Repeated lookups waste time. An LRU cache on the search function cuts redundant work and keeps the agent snappy, which is especially helpful when you are iterating quickly against a per-request pricing model.

``` python
from functools import lru_cache

@lru_cache(maxsize=128)
def cached_search(query: str) -> str:
    return search(query)

def dispatch_tool(name: str, arguments: str) -> str:
    args = json.loads(arguments)
    if name == "search":
        return cached_search(args["query"])
    if name == "calculator":
        return calculator(args["expression"])
    return "Unknown tool."
```

Here is the entry point. I ask a question that requires both a fact lookup and a hypothetical calculation so you can see both tools fire.

```
if __name__ == "__main__":
    question = (
        "How much would 1000 API requests cost on Oxlo.ai per day if each request is flat priced? "
        "Also, what models are available?"
    )
    answer = ask_agent(question)
    print(answer)
```

Example output:

```
Based on the search results:

- Oxlo.ai uses flat per-request pricing. One API call costs the same regardless of prompt length, which makes it cheaper than token-based providers for long-context workloads. [Source: search]
- Oxlo.ai hosts 45+ models including Llama 3.3 70B, DeepSeek R1 671B, Qwen 3 32B, and Kimi K2.6. [Source: search]

For 1000 API requests per day, you would pay 1000 times the flat per-request rate. Because Oxlo.ai does not use token-based billing, the total is predictable and does not scale with input length.
```

That is the entire agent. By offloading facts and math to deterministic tools, you eliminate the most common failure modes of raw LLM outputs.

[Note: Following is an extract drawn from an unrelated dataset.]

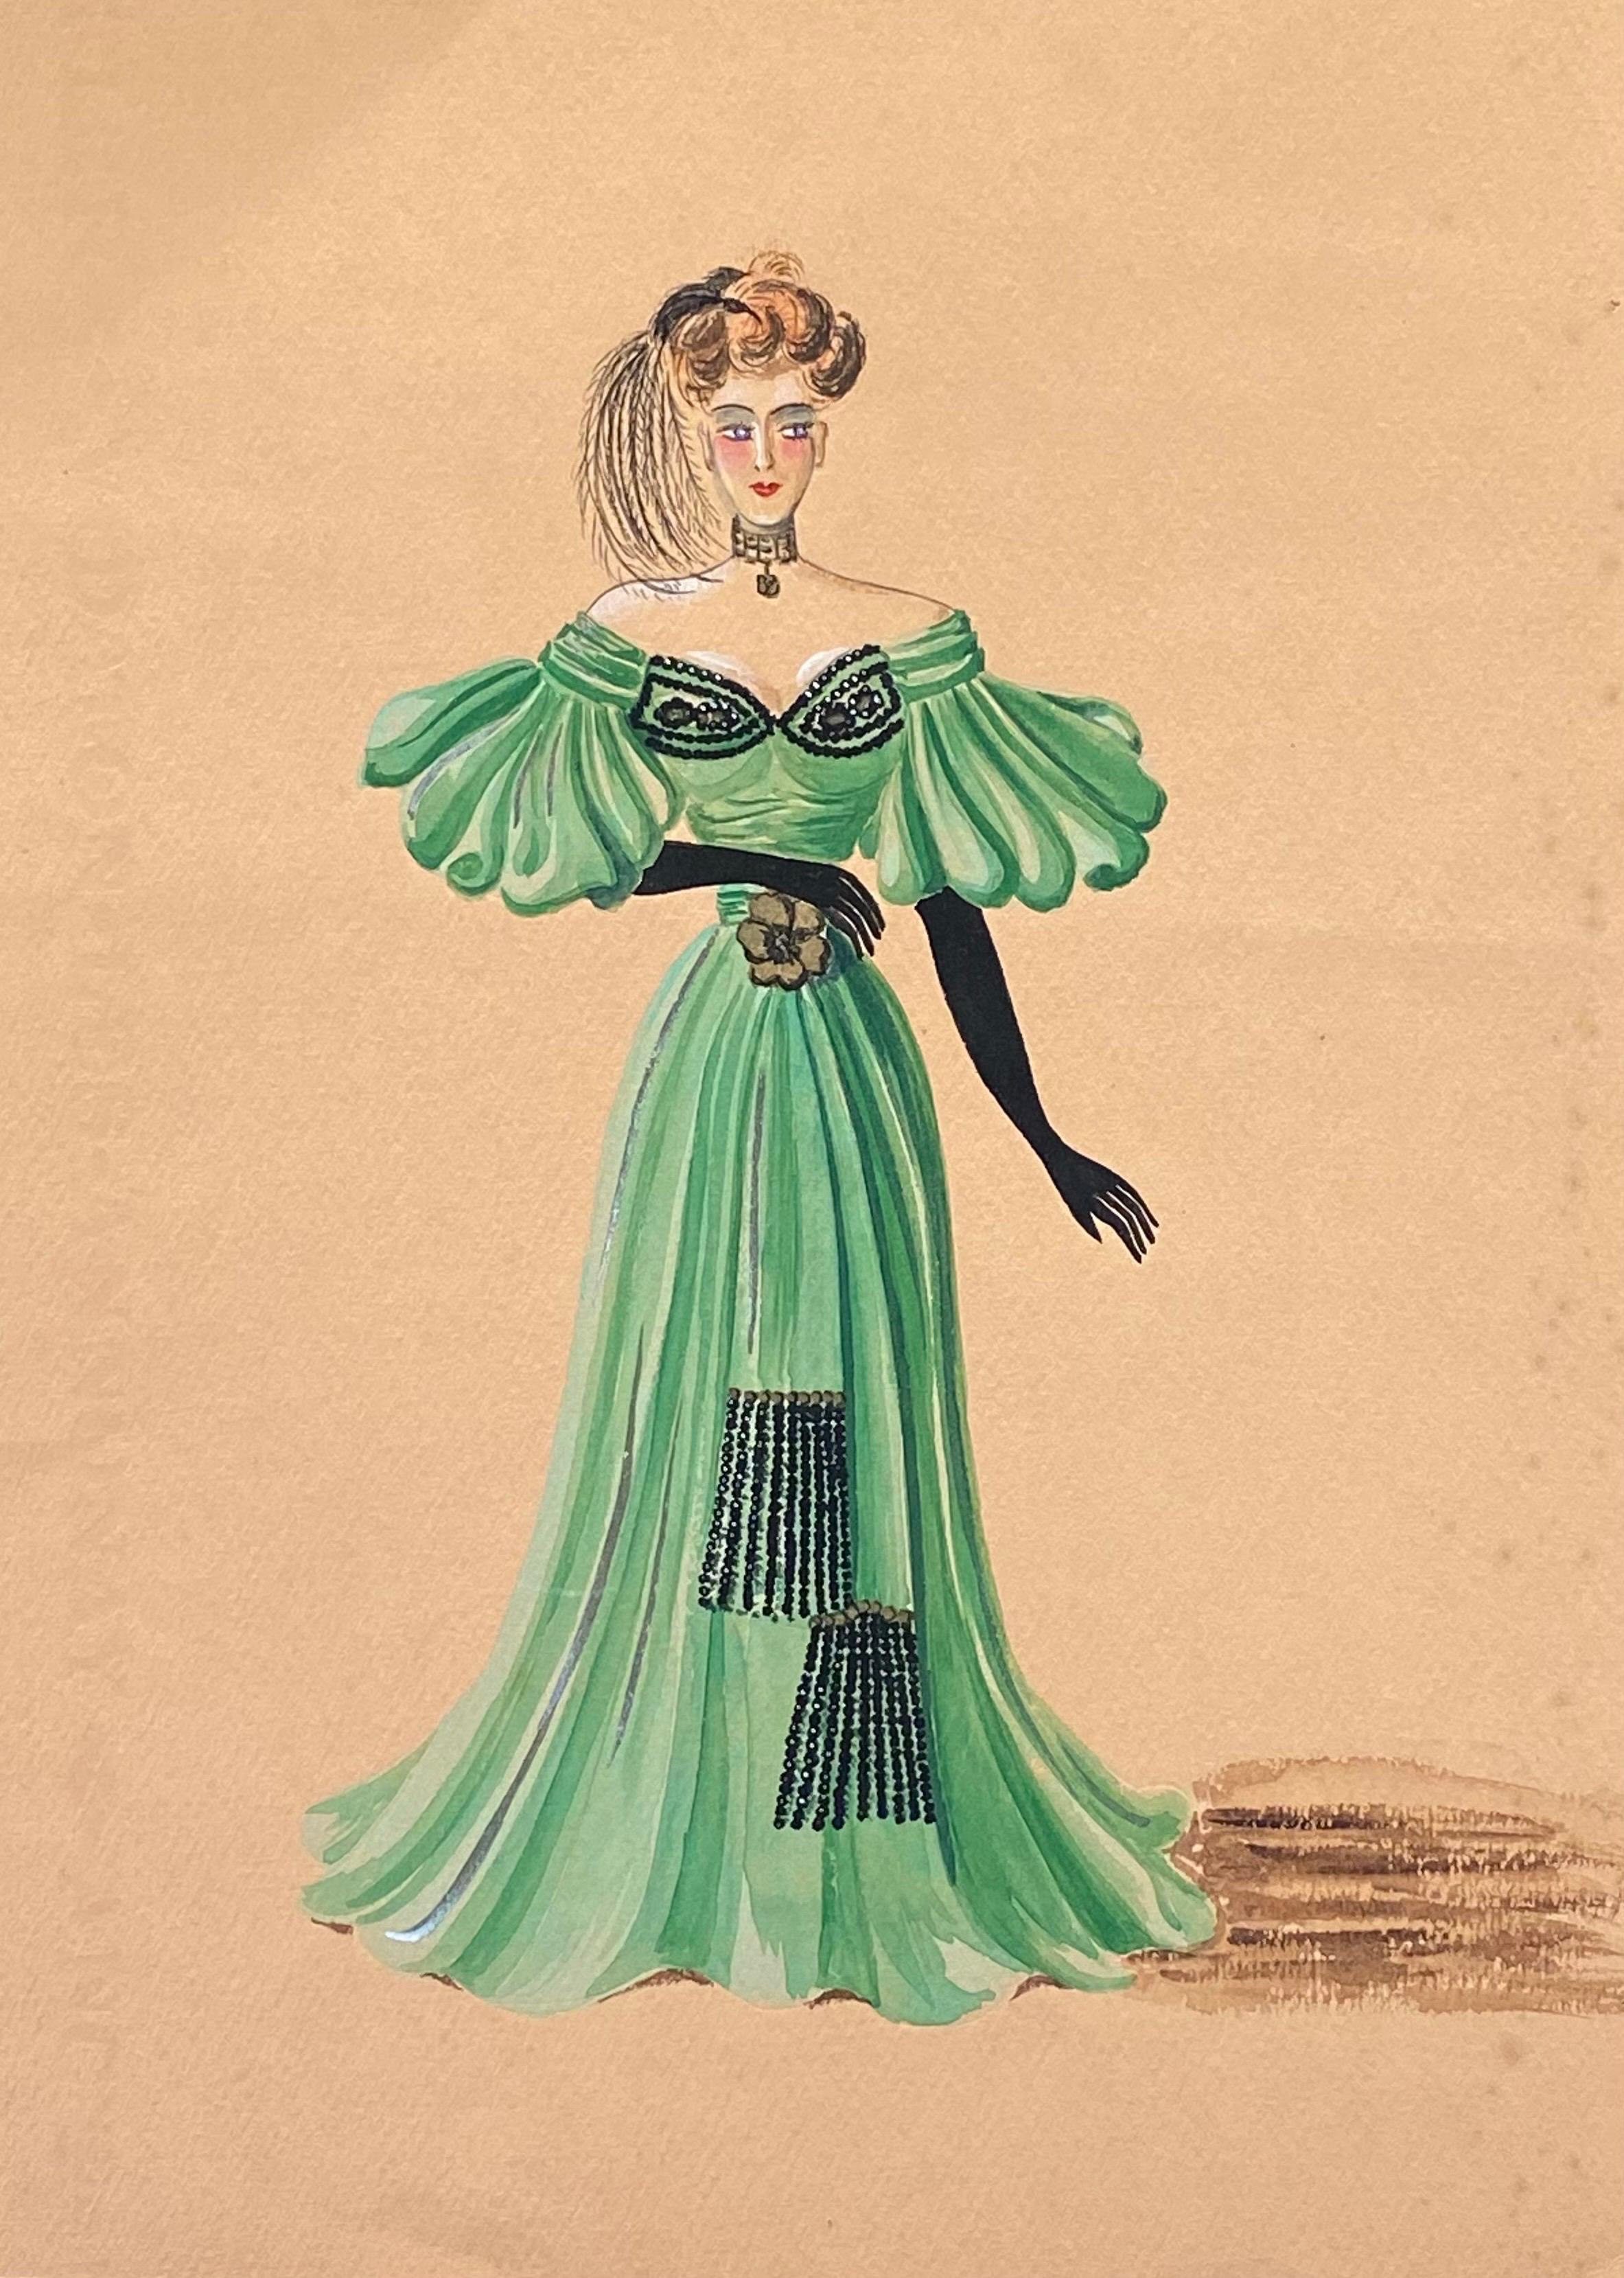 Geneviève Thomas Portrait Painting - 1940's Fashion Illustration - Lady In Dashing Green Ball Dress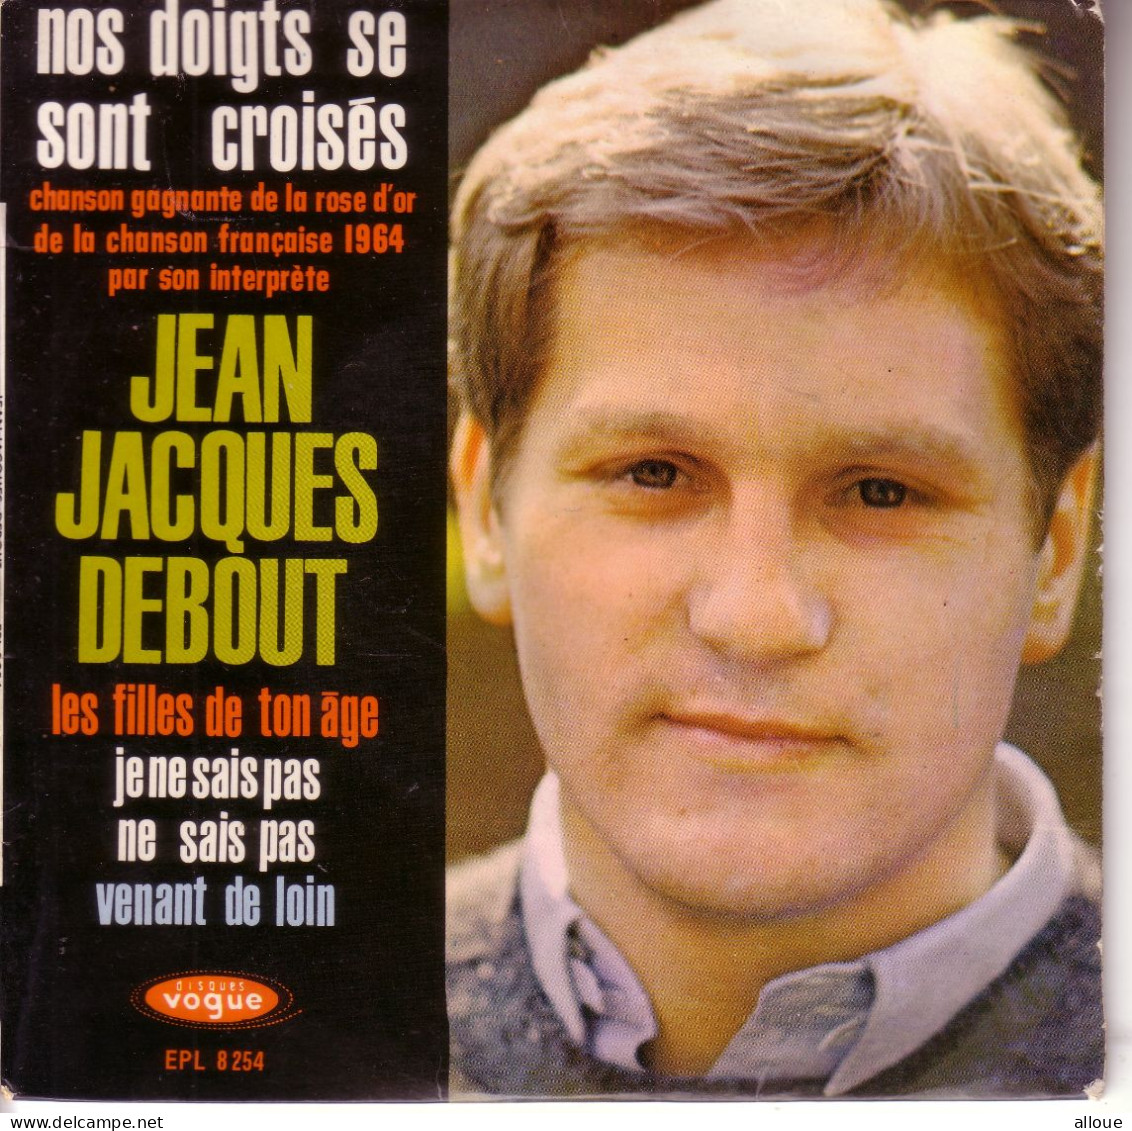 JEAN-JACQUES DEBOUT - FR EP - NOS DOIGTS SE SONT CROISES + 3 - Other - French Music

Because Oxlo.ai charges a flat rate per request, you can feed long tool results back into context without watching token meters run up, which makes this pattern cheap to operate at scale.

Two concrete next steps. First, swap the in-memory KNOWLEDGE_BASE for a real vector database like Qdrant so the agent can search your own documents. Second, add Pydantic validation to the tool arguments so malformed calls fail fast before they hit your logic.